The 70th anniversary of the liberation of Auschwitz: the eternal pain of survivors


The main ceremony of this international day of commemoration was held in Auschwitz, in a tent in front of the "Door of Death", main entrance to the camp where more than a million Jews were murdered. This entry through which came directly in the camp, the prisoners convoys.


Auschwitz-Birkenau, the largest and deadliest of all Nazi extermination camps and concentration. For this great ceremony, 42 countries were represented, but we particularly note the poignant testimony of three survivors. Seventy years later, their pain is intact.

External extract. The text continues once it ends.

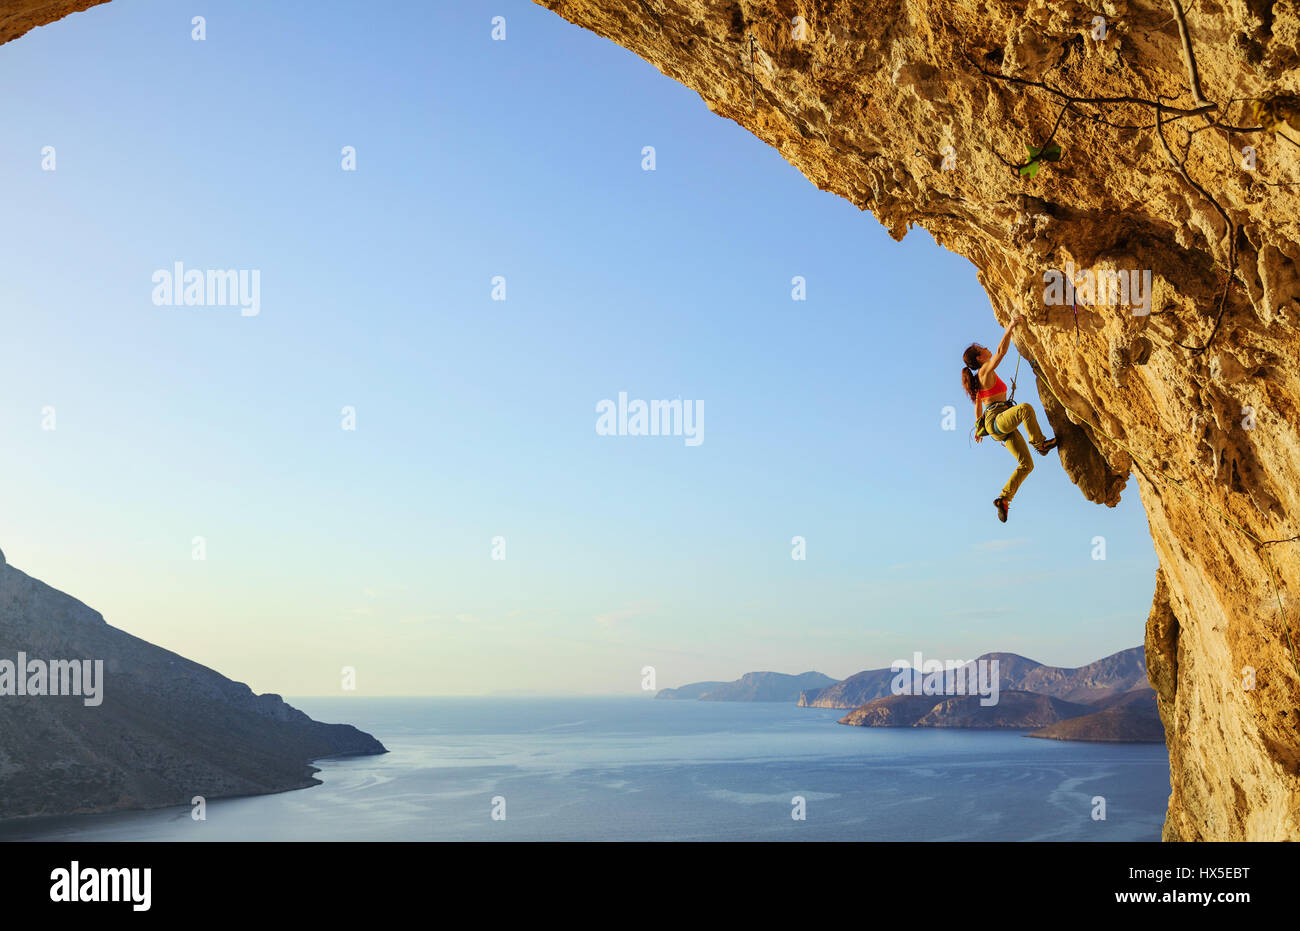 Young woman climbing challenging route in cave at sunset, Kalymnos island, Greece Stock Photo

"Nothing is human to Auschwitz. You are there and you can not be anywhere else in the world, there to die, trampled in the mud, covered with excrement and blood. (...) I stayed here two years in Auschwitz. Two years trapped, foreign to myself, in a sudden incarnation of hell, "said Halina Birenbaum. She survived the nightmare of the Warsaw ghetto and camps Majdanek, Auschwitz, Ravensbrück and Neustadt-Glewe where it was released in 1945. In 1947, she emigrated to Israel. It is called the author of the book "Hope is the last to die."


"From day began a struggle for biological survival. A fight to the death to steal the maximum number of people and the preservation of human dignity. (...) The fate made sure that I can be here, standing before the monument to the victims of Nazism. Let us honor the victims with a moment of silence, "continues Kazimierz Albin. He was one of the first convoy of prisoners deported to Auschwitz. After participating in the camp construction and have survived for three years as a cook, he managed the impossible escape from Auschwitz with six other prisoners February 27, 1943.


"The heart-rending cries of children torn from their mother's arms by the brutal action of the torturers resound in my ears until I die. (...) We, the survivors, share a common goal with the current generation. We do not want our past is the future of our children, "concludes sobs in his voice, Roman Kent, a former prisoner of Auschwitz and president of the International Auschwitz Committee.


Participants in the ceremony were then invited to walk to the monument to victims of Birkenau. One kilometer, they walked in the snow and silence along for about fifteen minutes a railway track and barracks for women at the time.


At Auschwitz-Birkenau, are the ruins of the gas chambers and crematoria that the Nazis blew up before fleeing. The ruins also some 300 huts that stretch to the horizon on a land of 200 hectares.